Using the listing below, reproduce exactly the lines from the one with "Sharp UX-A260 manual" through the last, with all pictures left out.

Dataset section =
= Beginning of Section =

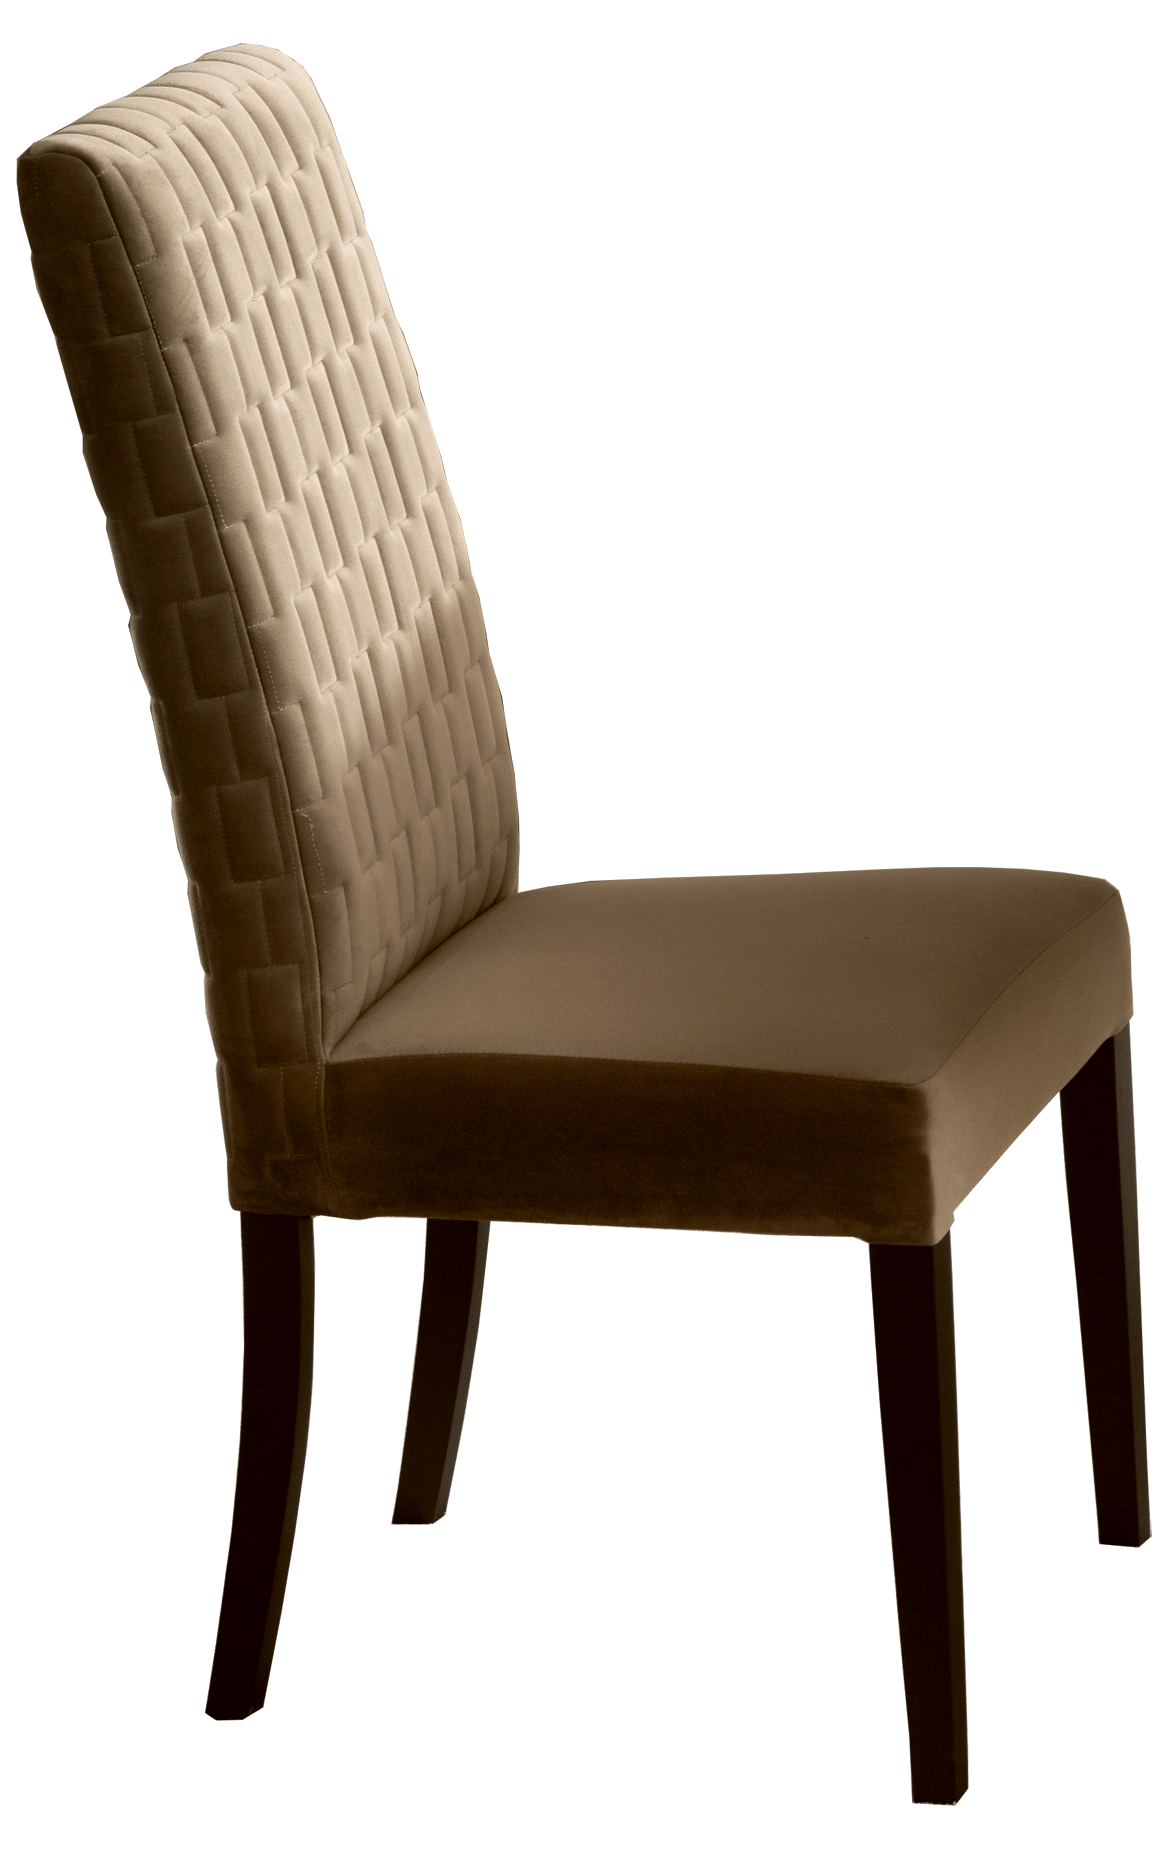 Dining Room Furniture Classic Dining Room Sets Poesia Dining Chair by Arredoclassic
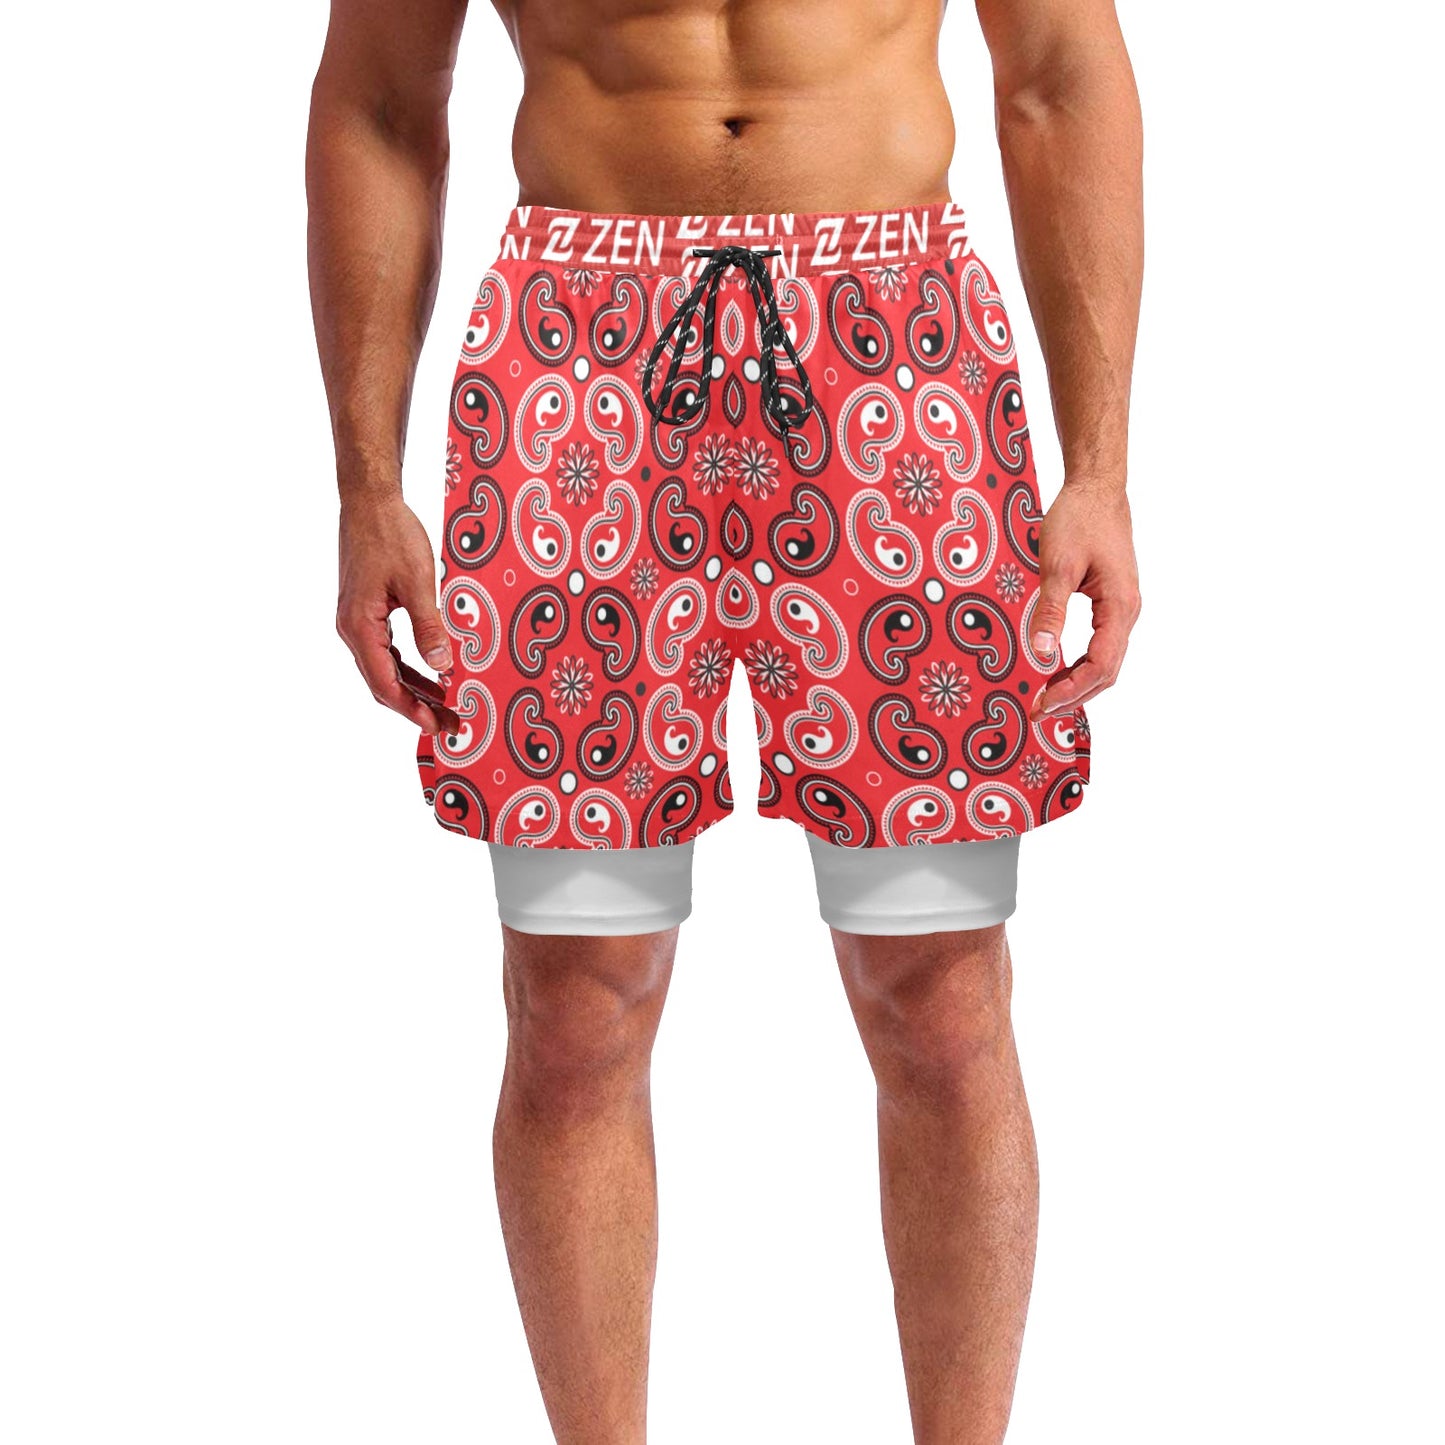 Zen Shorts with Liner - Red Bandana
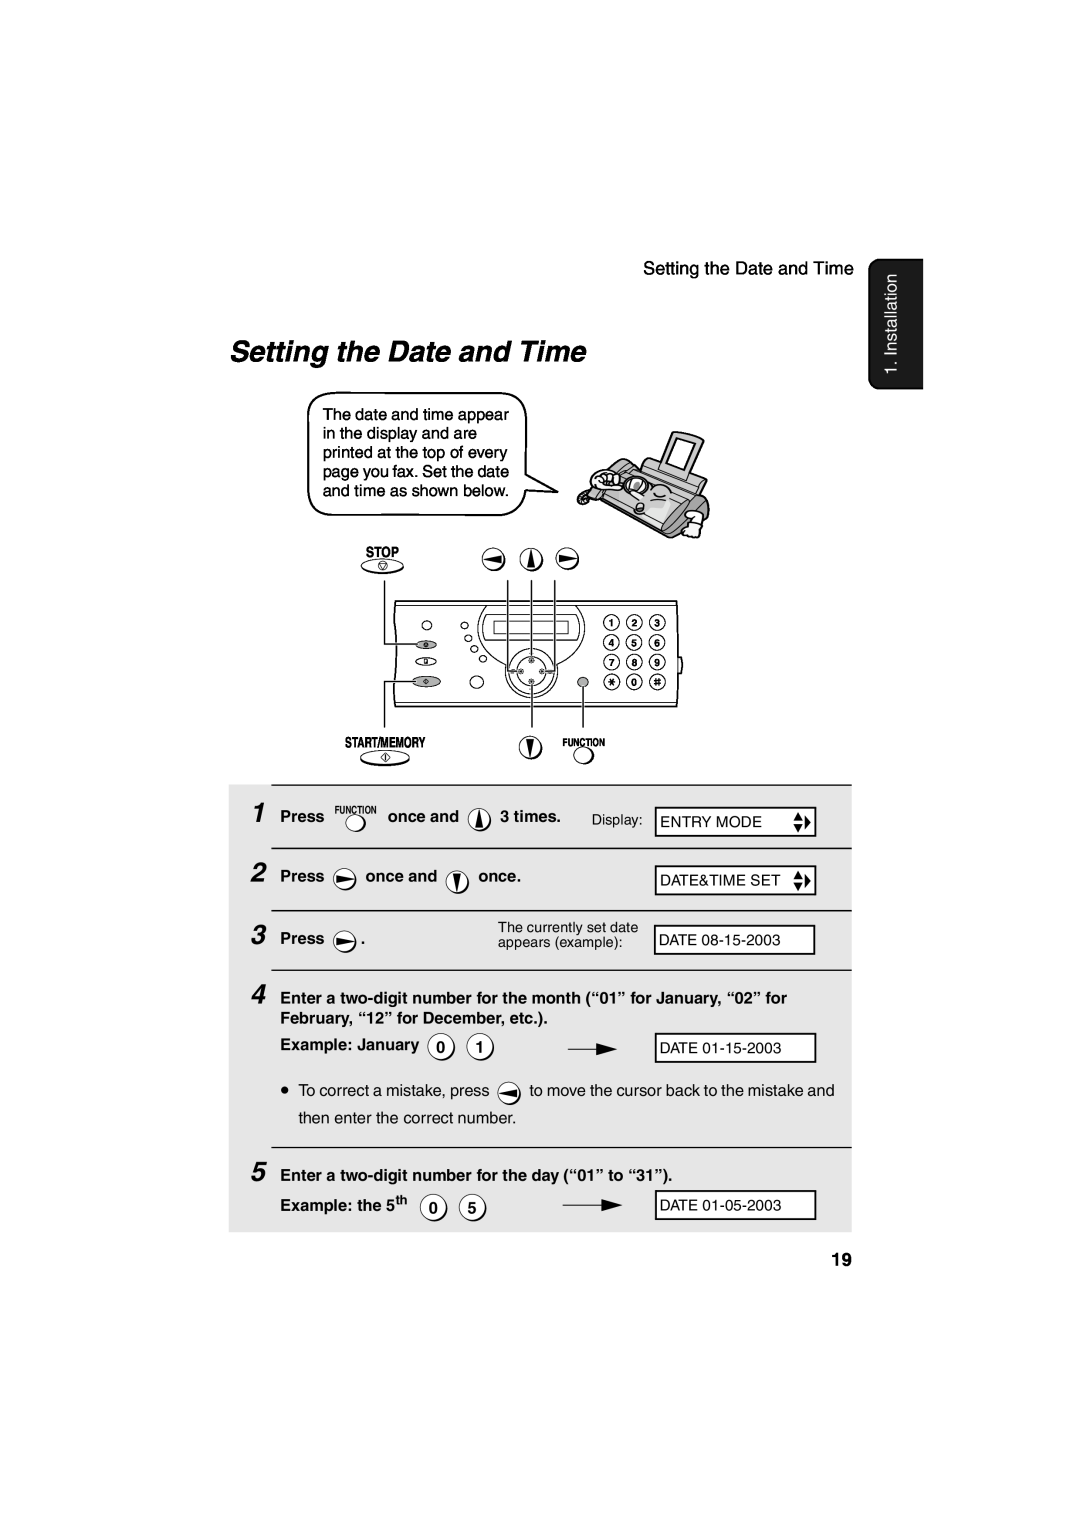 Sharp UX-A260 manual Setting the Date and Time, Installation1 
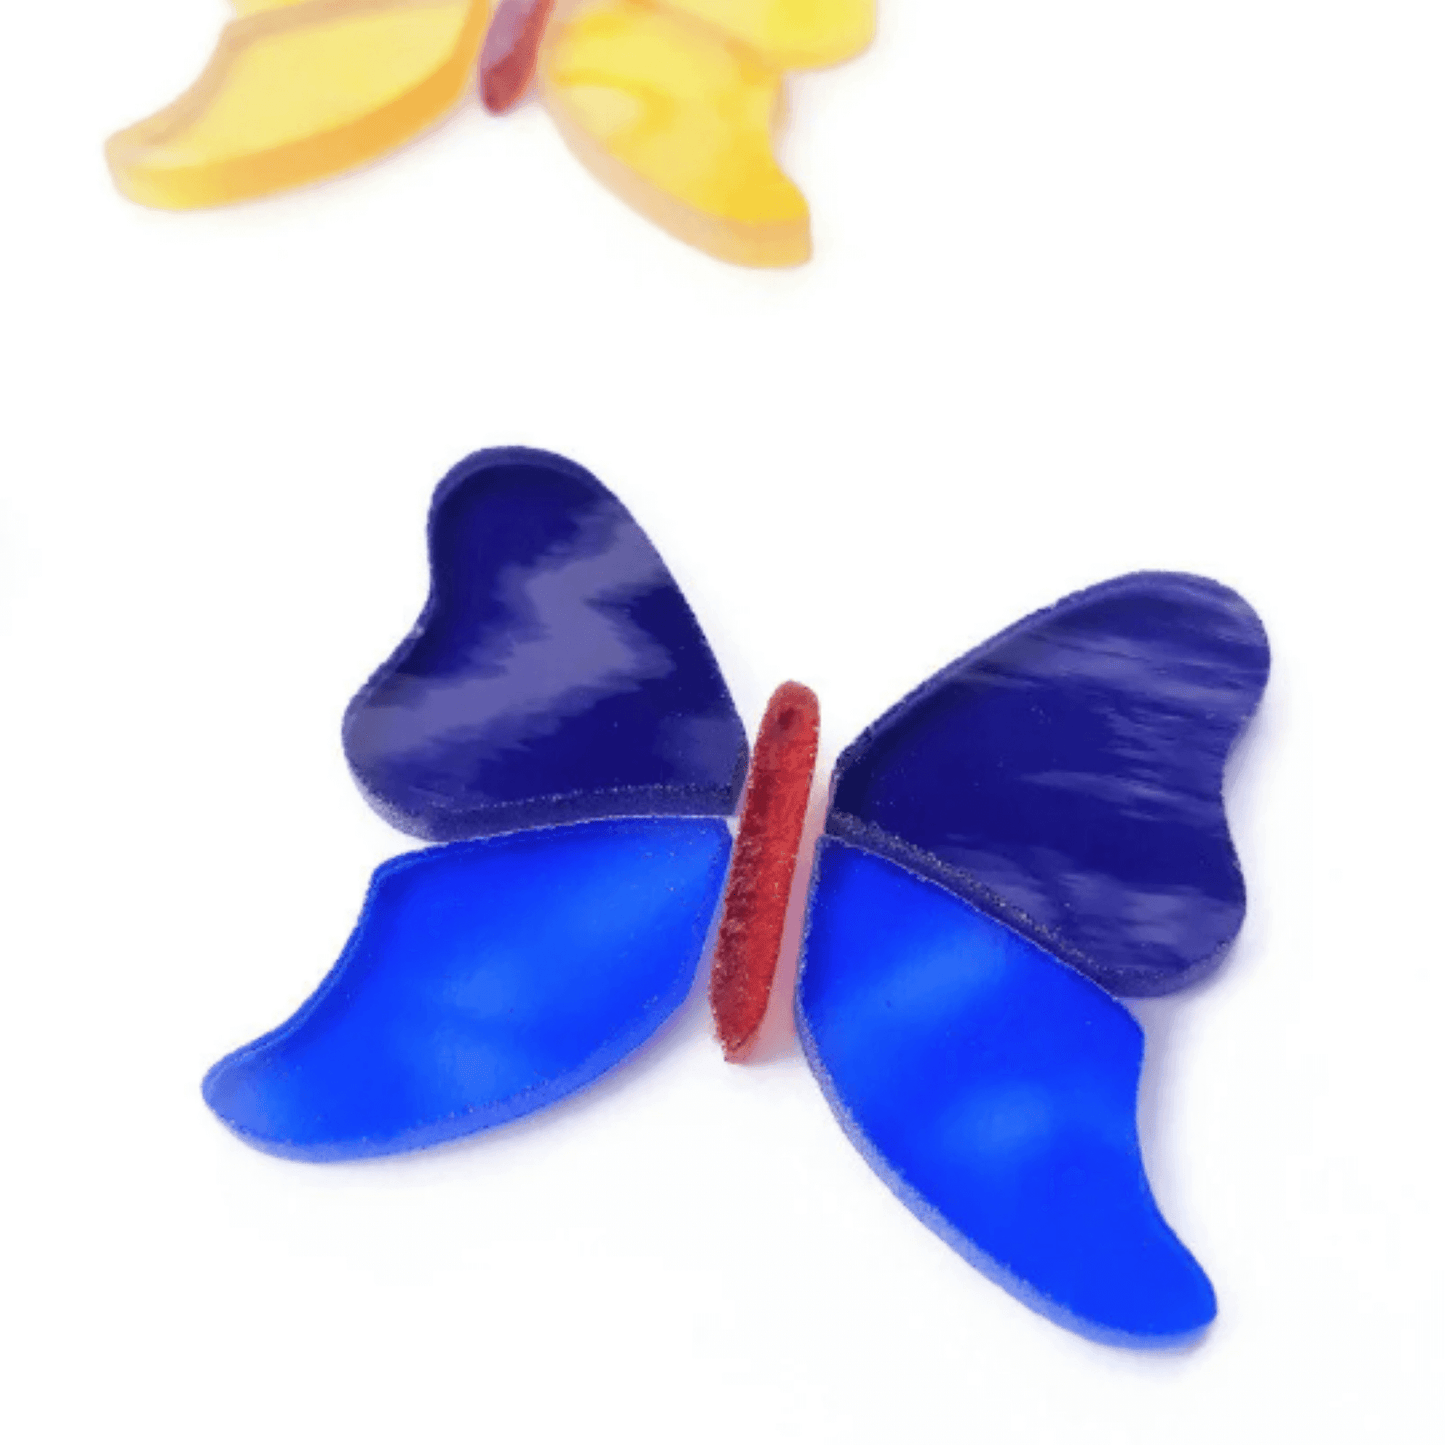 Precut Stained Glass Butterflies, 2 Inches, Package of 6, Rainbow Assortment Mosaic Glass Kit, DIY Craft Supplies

= End of Section =

Reply =
 Sharp UX-A260 manual Setting the Date and Time, Installation1 
 Precut Stained Glass Butterflies, 2 Inches, Package of 6, Rainbow Assortment Mosaic Glass Kit, DIY Craft Supplies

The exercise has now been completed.